A big issue, Spend Matters Lead Analyst for Upstream Procurement Bertrand Maltaverne says, is that many use three different words more or less interchangeably: digitization, digitalization and digital transformation. He defines the three as follows:
- Digitization is the conversion from analog to digital, e.g., translating written information into data.
- Digitalization is the process of using digital technology and the impact it has on business operations (e.g., digitalization of a process).
- Digital transformation is a digital-first approach encompassing all aspects of business, regardless of whether it concerns a digital business or not.
Note that a major differentiating factor between these three definitions is the central importance placed on tech. It begins as the central point when considering the tool itself to become an enabler for an organization’s function. This distinction is echoed in a similar definition given by The Hackett Group in 2018: “[I]mproving customer experiences, operational efficiency and agility by fundamentally changing the way business services are delivered, using digital technologies as the enabler of holistic transformation.” Digital transformation is about the wider transformation that digital tools enable, not the transformation of analog tools into digital ones.
The distinction matters because this conflation of digitization with digital transformation lies at the heart of many failed attempts to bring about digital transformation. “The most common mistake that organizations make is to look at technology as the solution to all their problems and to think of it as an end in itself when it is just a means to an end,” Bertrand explains. “The second most common one is using the new tool as nothing more than a way to automate old practices. Thoughtless automation leads to missing out on the real value and transformative impact some of these latest technologies promise. When implemented strategically and intelligently, new technologies enable organizations to do what was previously impossible.” The need for such thought behind the implementation of technology lies at the heart of why Spend Matters exists. The market is filled with many marvelous tools, but you need to carefully choose the right one to unlock its transformative potential.

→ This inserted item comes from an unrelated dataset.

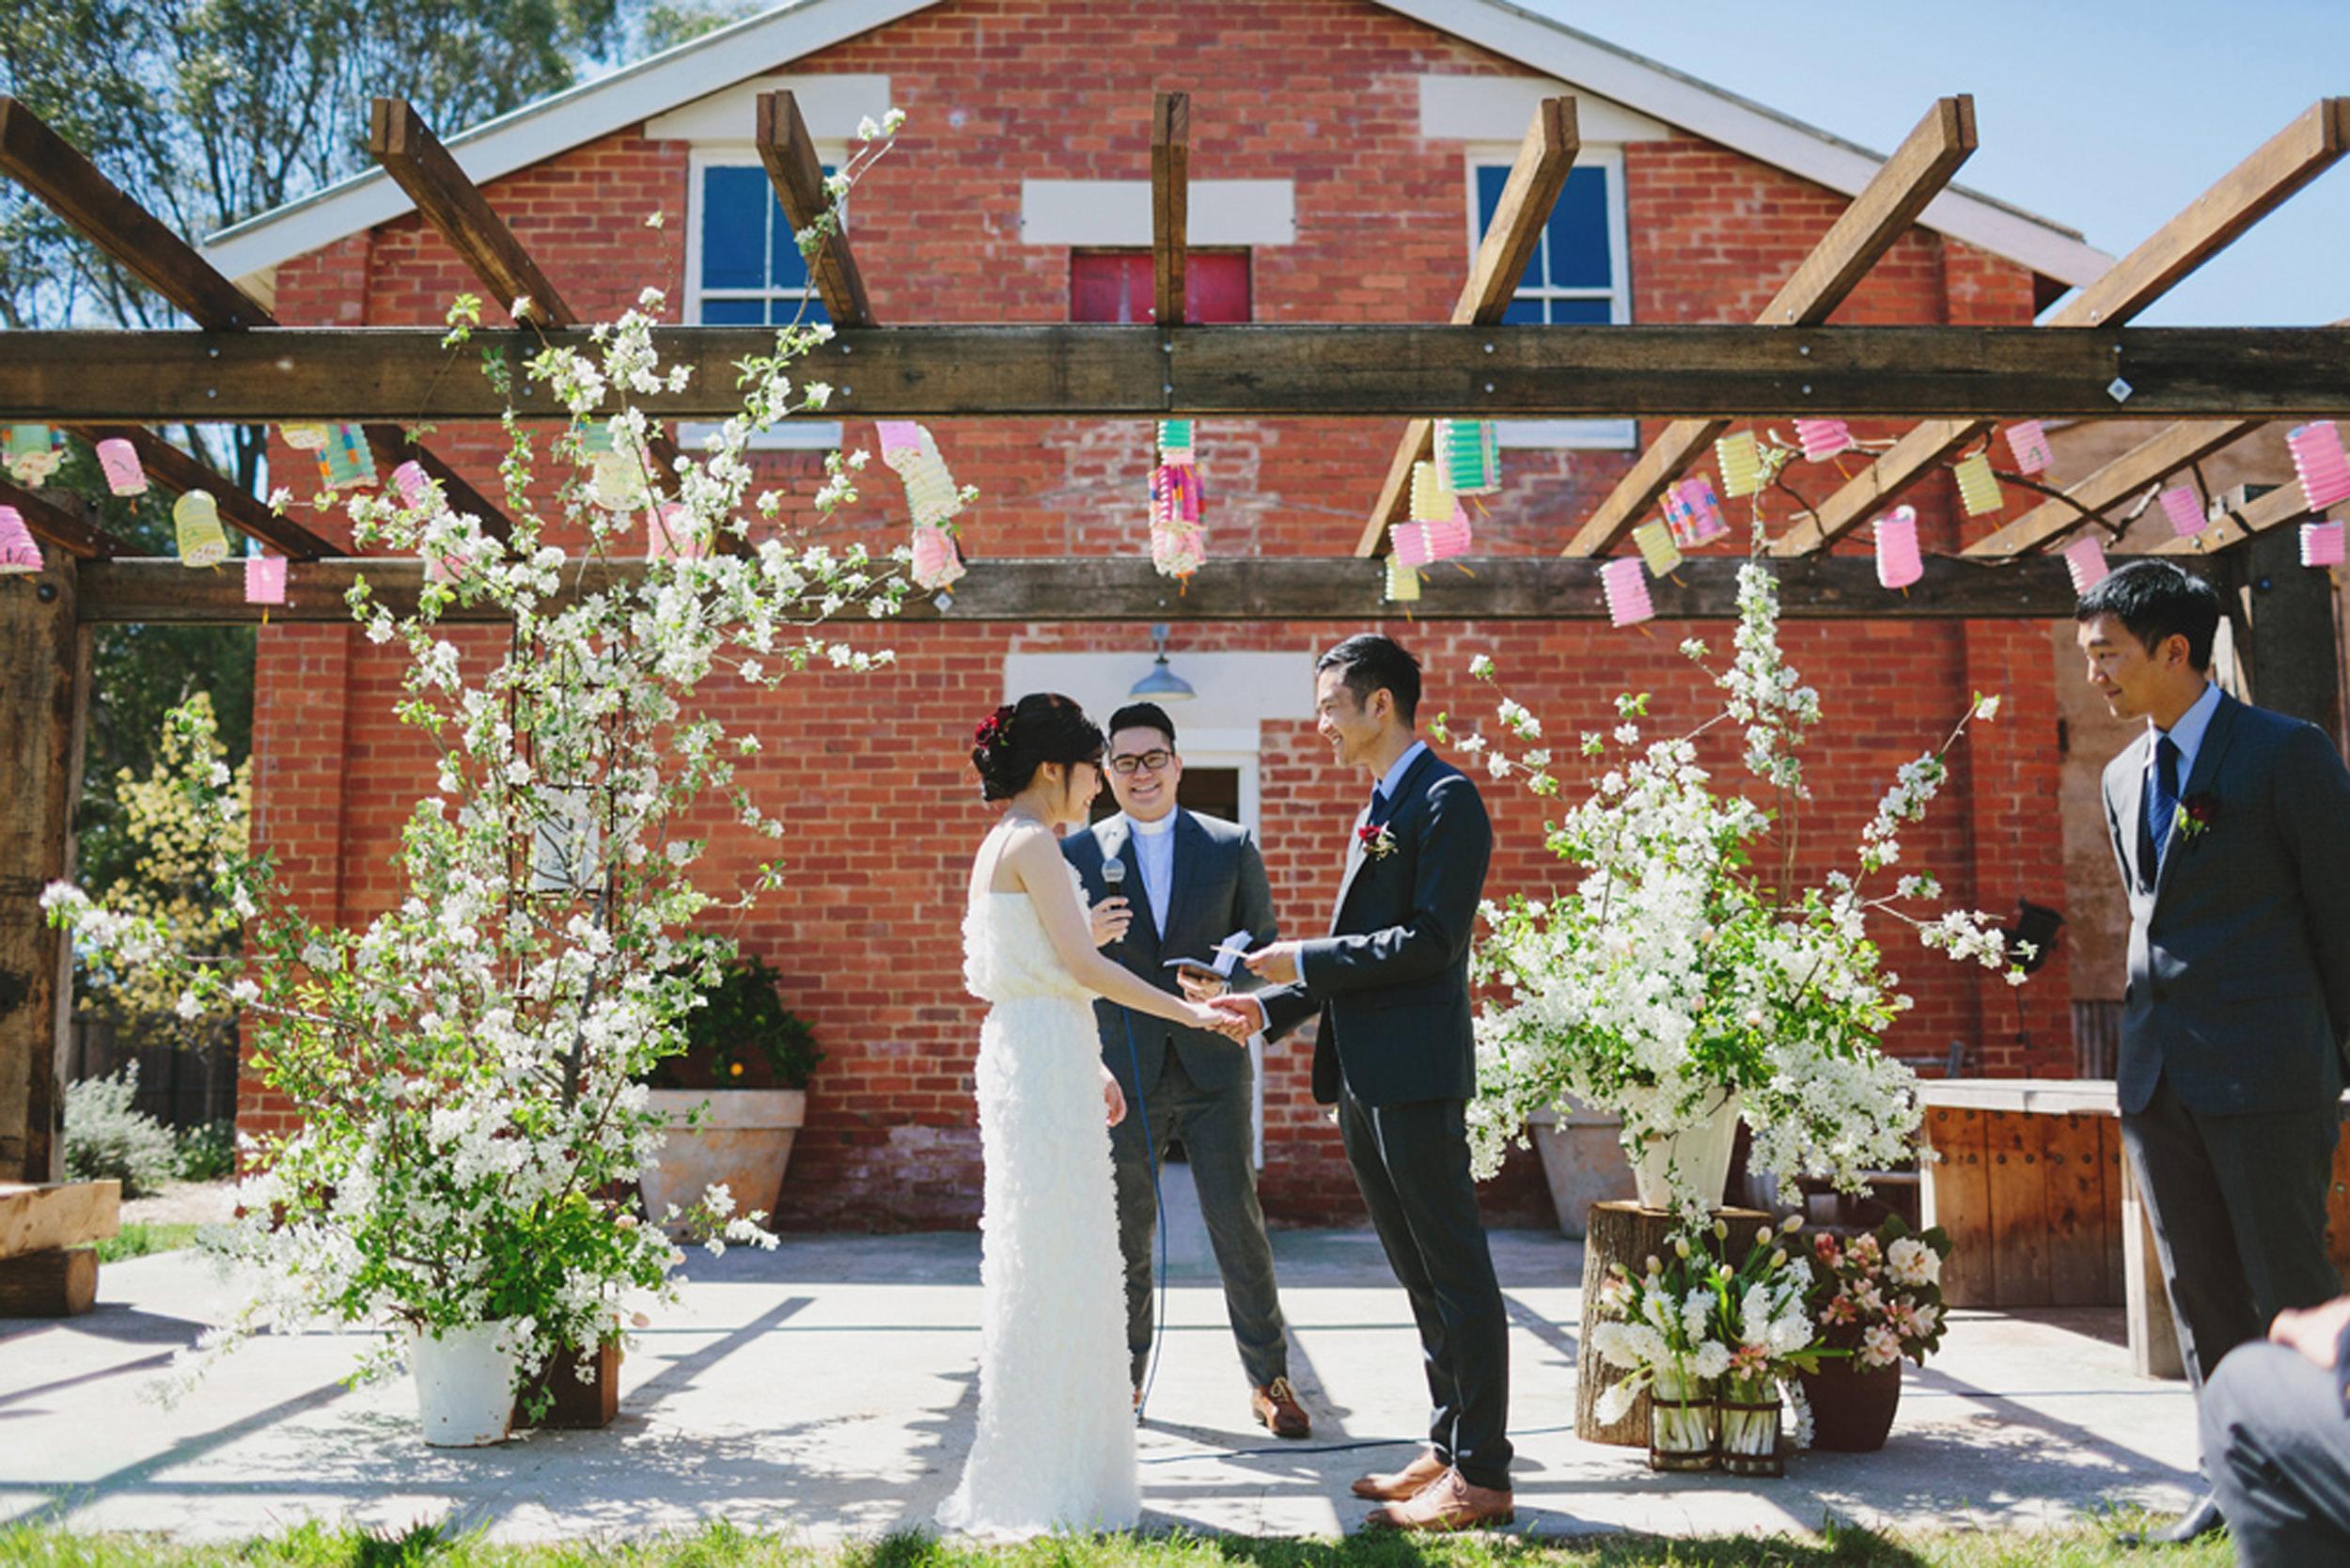 Butterland_Wedding_Anthony_Rachel25.JPG

Despite its wording, the ‘digital’ in digital transformation should come as the last part for the change brought to an organization. The order required to bring about digital transformation is people, then processes, then the tech. “People come first because they run the processes and they use the technology,” Bertrand states. “Processes come second because they serve as the scaffolding for the tasks people complete with the tech. Technology is an enabler, not a solution.”